The predicted labels for the test set will be printed.

Using the credit dataset from the logistic regression example above, create a K-Nearest Neighbors classification model to predict whether or not a person will default on a loan based on their credit score and income. Print the predicted labels for the test set.

from sklearn import datasets
from sklearn.neighbors import KNeighborsClassifier
from sklearn.model_selection import train_test_split

# Load the credit dataset
credit = datasets.load_credit()
X = credit[['credit_score', 'income']]
y = credit['default']

# Split the data into a training set and a test set
X_train, X_test, y_train, y_test = train_test_split(X, y, test_size=0.25)
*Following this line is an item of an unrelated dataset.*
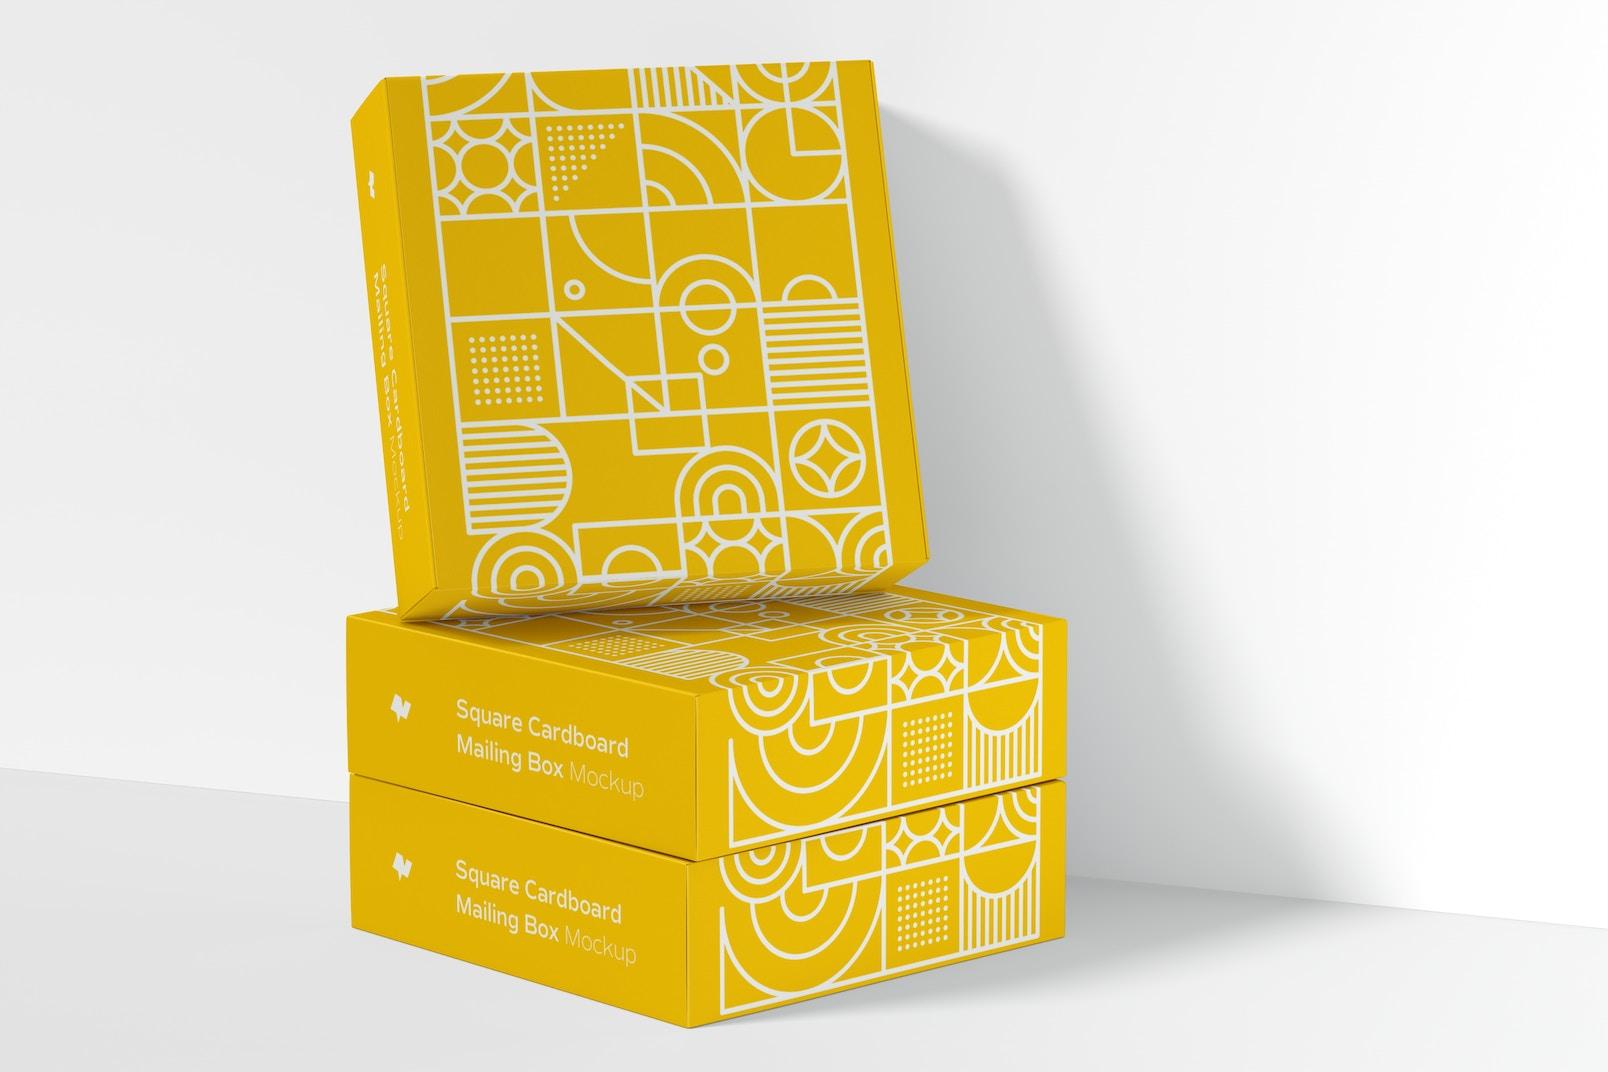 Square Cardboard Mailing Boxes Mockup, Closed

# Create an instance of the KNeighborsClassifier class with 3 neighbors
model = KNeighborsClassifier(n_neighbors=3)

# Fit the model to the training data
model.fit(X_train, y_train)

# Predict the labels of the test data
y_pred = model.predict(X_test)

print(y_pred)

The predicted labels for the test set will be printed.

Using the credit dataset from the logistic regression example above, create a Gaussian Naive Bayes classification model to predict whether or not a person will default on a loan based on their credit score and income. Print the predicted labels for the test set.

from sklearn import datasets
from sklearn.naive_bayes import GaussianNB
from sklearn.model_selection import train_test_split

# Load the credit dataset
credit = datasets.load_credit()
X = credit[['credit_score', 'income']]
y = credit['default']

# Split the data into a training set and a test set
X_train, X_test, y_train, y_test = train_test_split(X, y, test_size=0.25)

# Create an instance of the GaussianNB class
model = GaussianNB()

# Fit the model to the training data
model.fit(X_train, y_train)

# Predict the labels of the test data
y_pred = model.predict(X_test)

print(y_pred)

The predicted labels for the test set will be printed.